A. Juppé a fait savoir que les candidats aux élections régionales, les têtes de liste, ne seraient pas désignés par les militants. Comment seront-ils désignés ?
- "Le principe est que chaque fédération désigne elle-même ses propres candidats. Et dans ma fédération, où j'exerce la responsabilité de secrétaire départemental, je proposerai qu'on procède par la voie de l'élection."
Vous serez une exception ?
- "Non, je pense que beaucoup souhaiteront procéder ainsi, puisque chaque fédération peut décider de son moyen de désigner les candidats. Moi, je crois au moyen démocratique."
Existe-t-il une menace terroriste en France, après la remontée d'un cran du plan Vigipirate ?

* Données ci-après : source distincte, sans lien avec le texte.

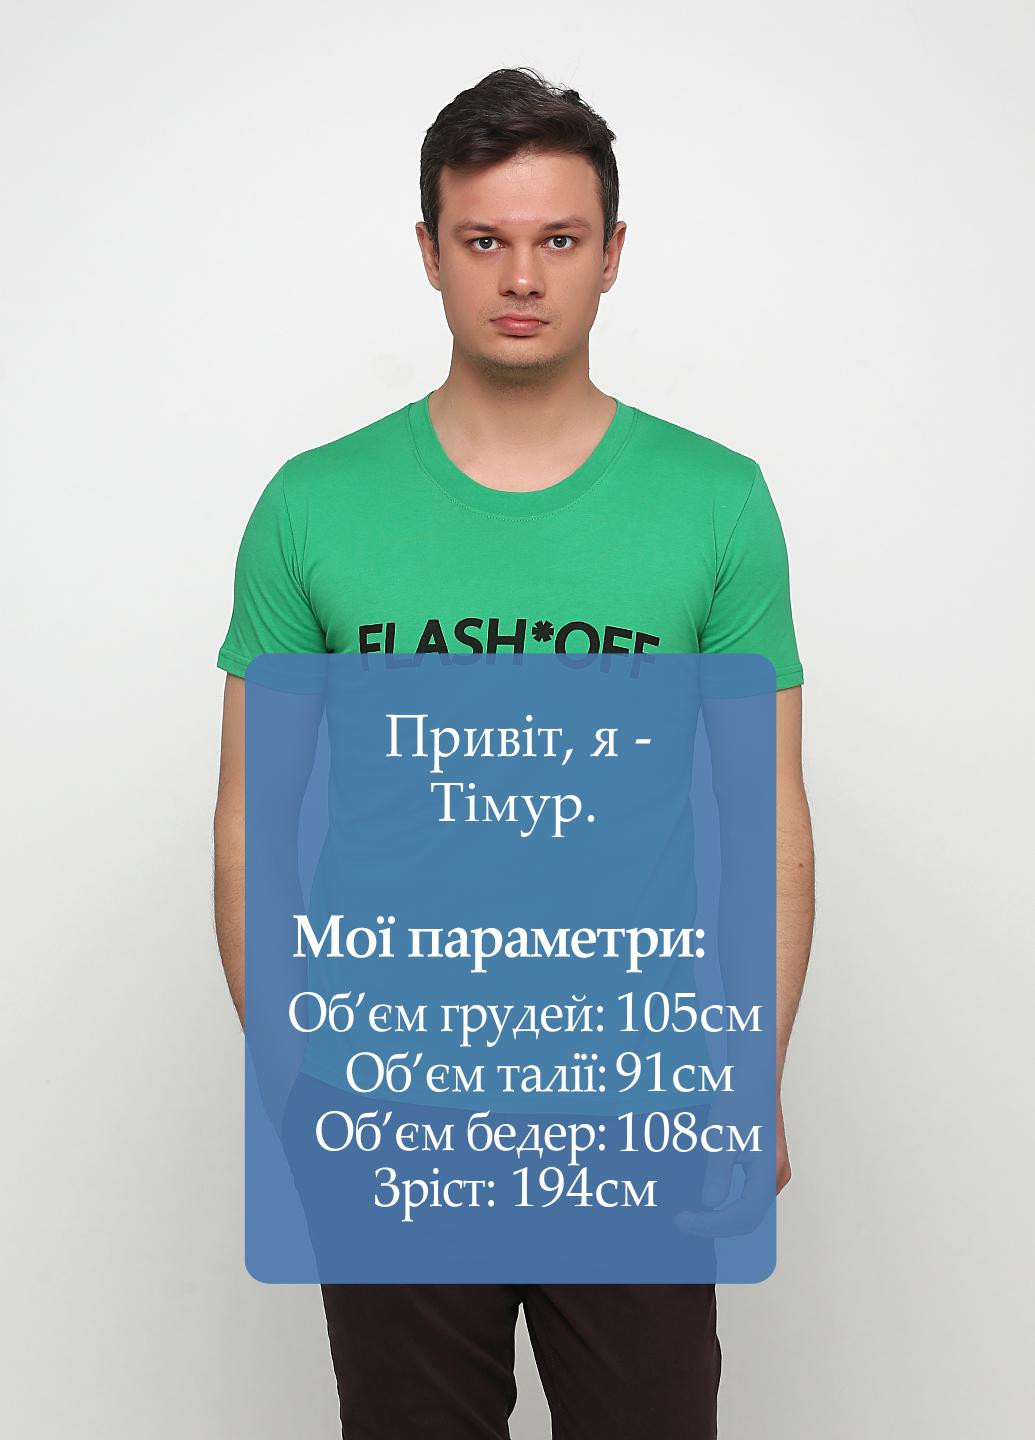 Зелена футболка Трикомир

- "Il me semble que c'est évident, malheureusement. Ce risque existe dans tous les pays, on voit ce qui vient de frapper le Maroc et qui a surpris. On aurait tort de se croire à l'abri. N. Sarkozy d'ailleurs, sur ce point, est extrêmement vigilant, a pris des dispositions importantes de surveillance et d'organisation de notre territoire, pour faire face à cette menace. Mais elle est évidemment aveugle et très difficile à prévoir."
Est-ce qu'on a des indices ?
- "On n'a pas de menaces précises, mais le climat mondial est mauvais. Et nous échangeons aussi nos renseignements avec tous les pays, à commencer par les Etats-Unis."
A ce propos, a-t-on des renseignements précis ?
- "On n'a pas de renseignements précis à déclarer, en tous les cas."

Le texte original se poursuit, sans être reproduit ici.